Data shown →
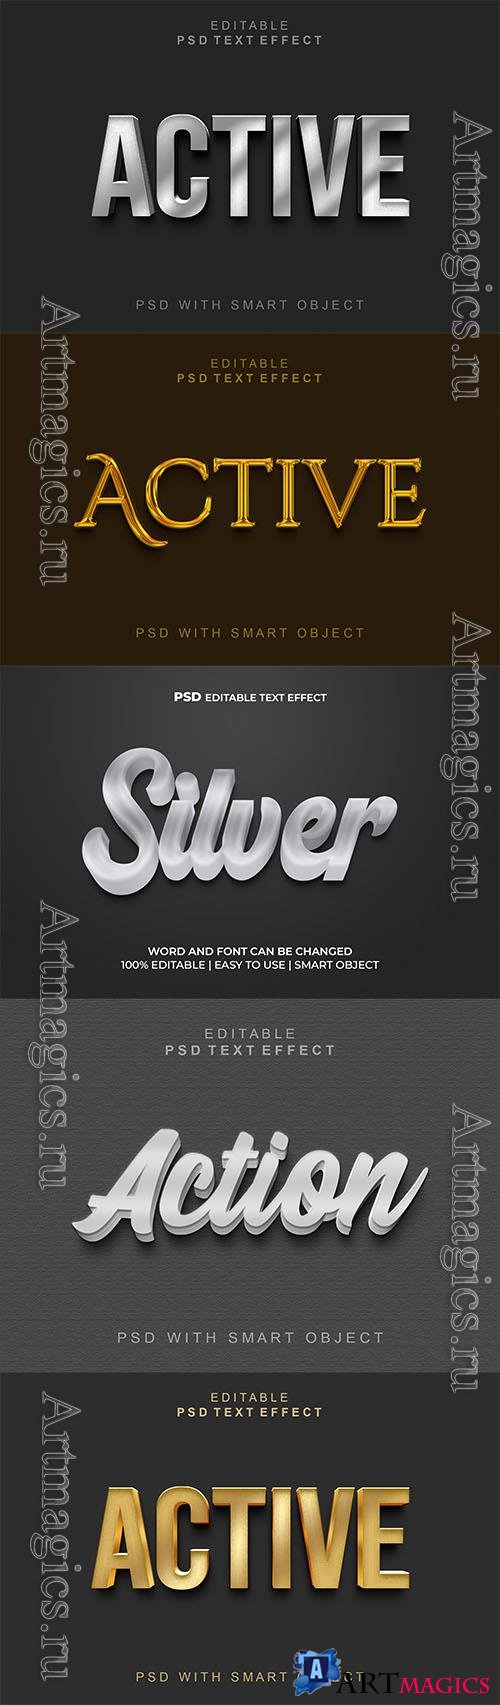 Psd style text effect editable set vol 158
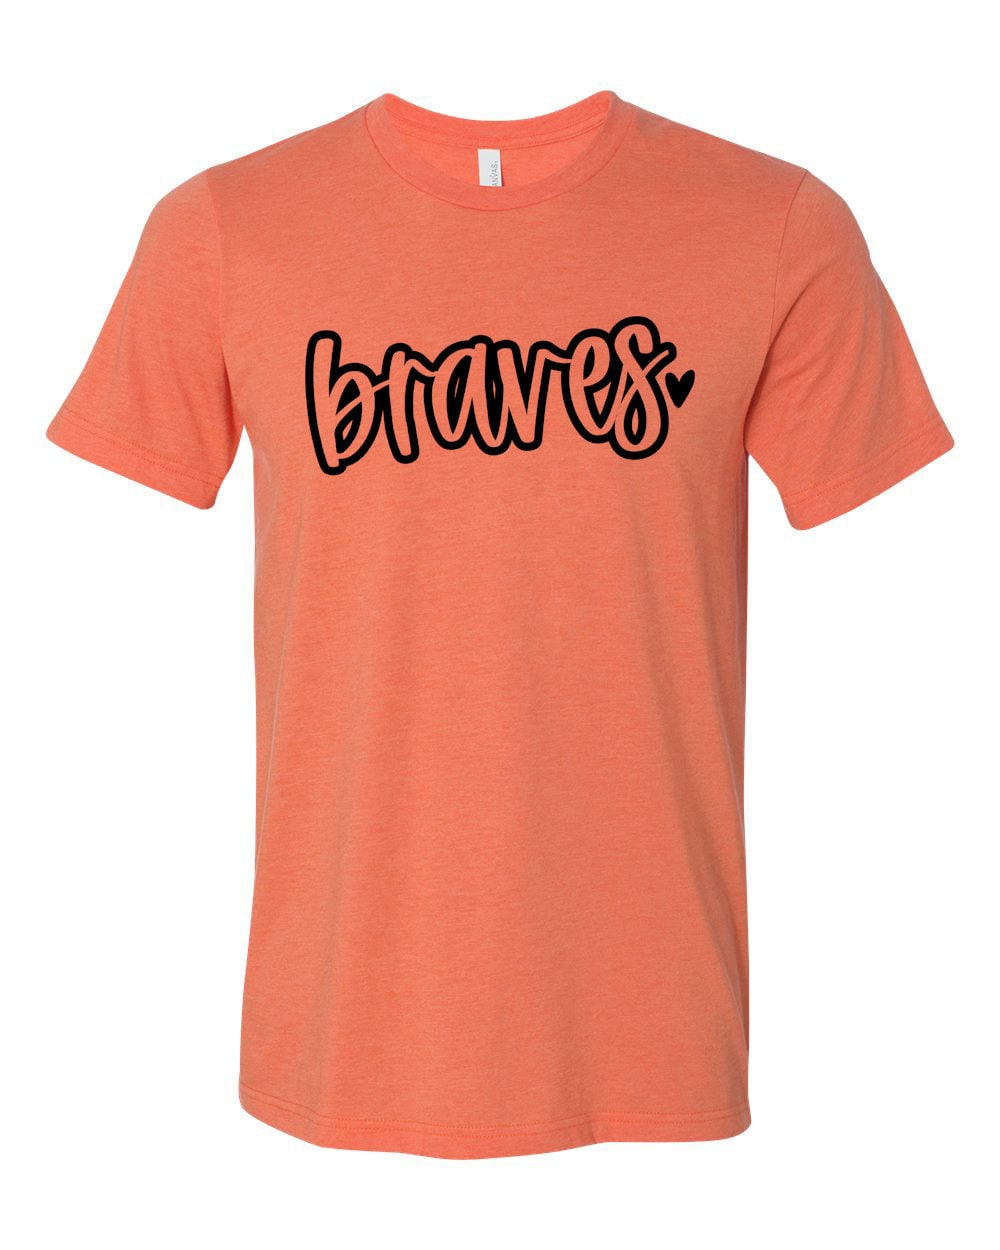 Atlanta Braves Mens T-Shirt, Mens Braves Shirts, Braves Baseball Shirts,  Tees
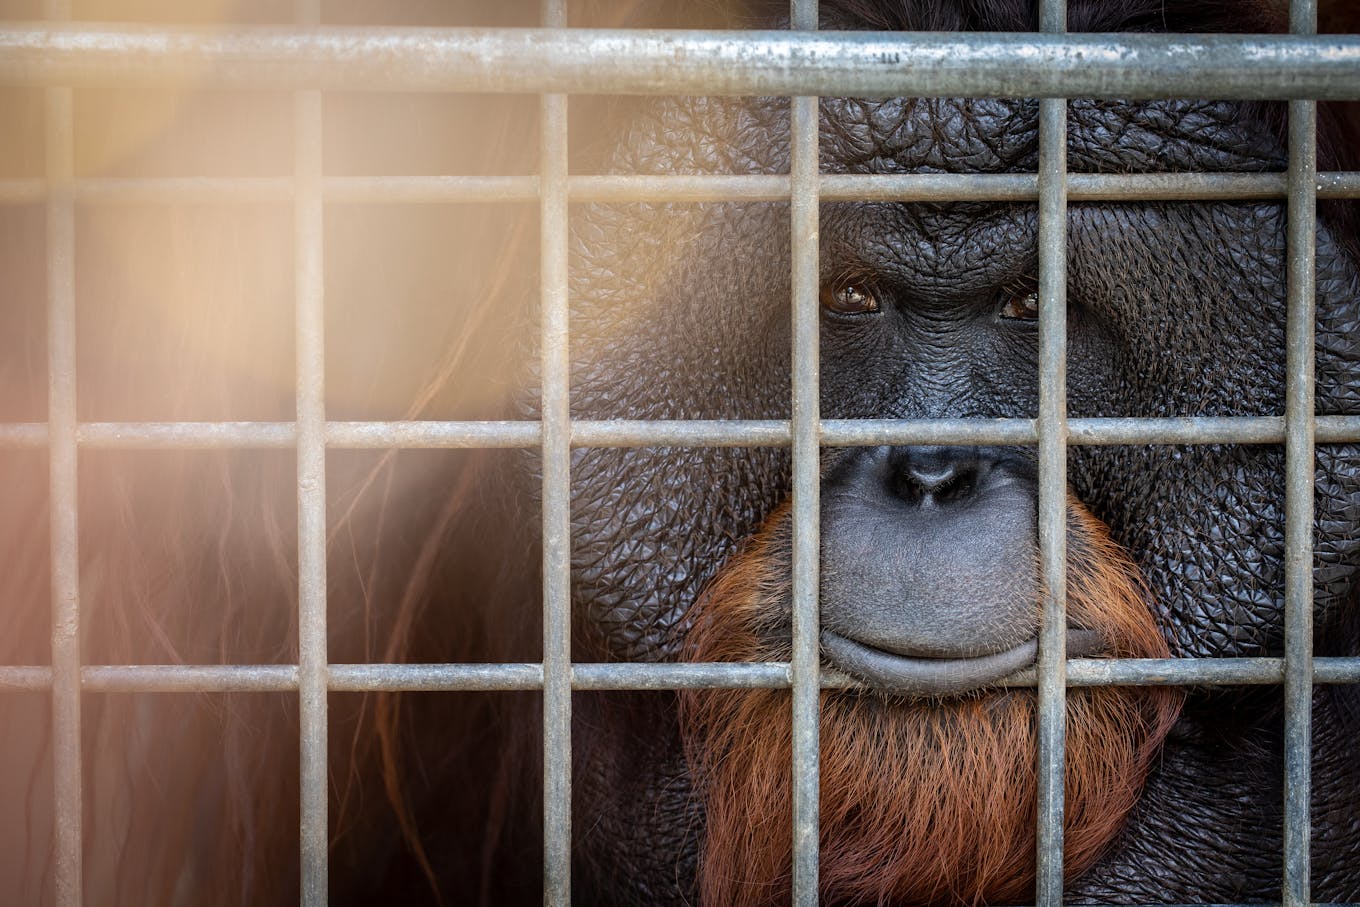 An unreleasable orangutan at the Borneo Orangutan Survival Foundation in Central Kalimantan, Indonesia
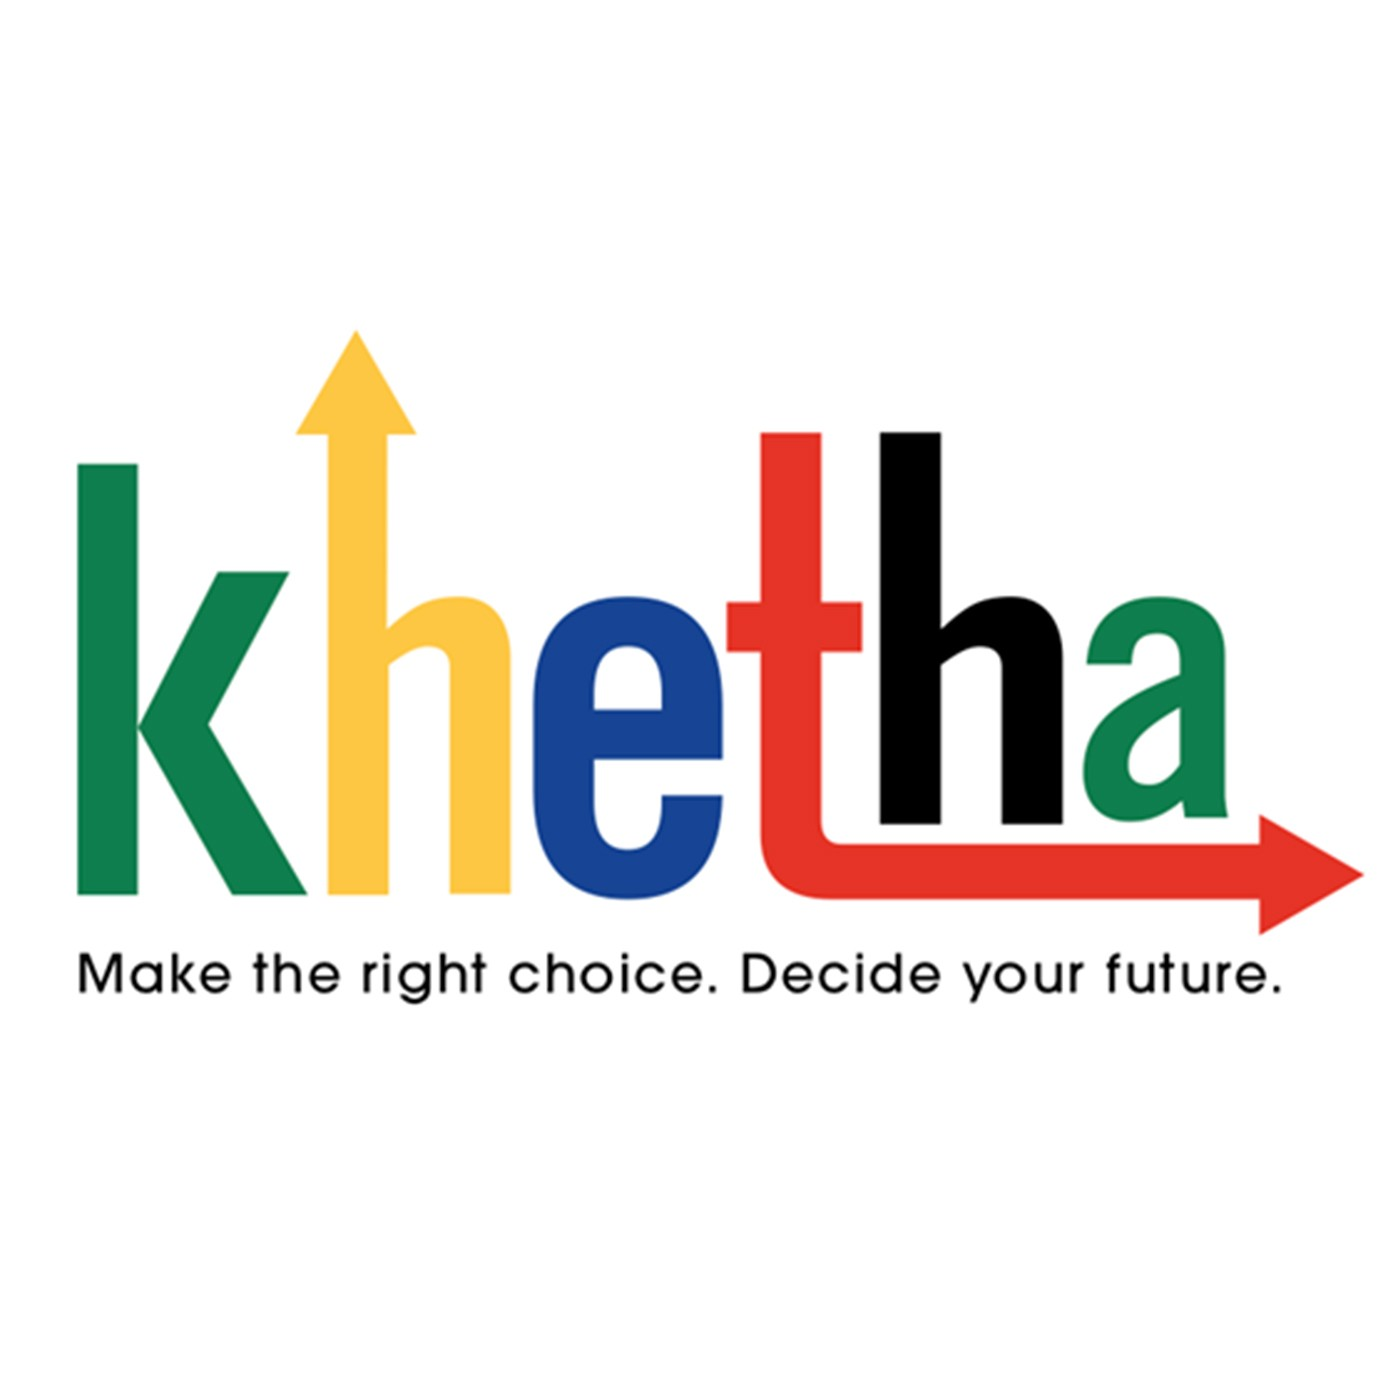 Khetha 17 February 2020

Assignment → Drop the pictures and reproduce the rest of the data exactly.

Written response →
 Psd style text effect editable set vol 158
 Atlanta Braves Mens T-Shirt, Mens Braves Shirts, Braves Baseball Shirts,  Tees
 An unreleasable orangutan at the Borneo Orangutan Survival Foundation in Central Kalimantan, Indonesia
 Khetha 17 February 2020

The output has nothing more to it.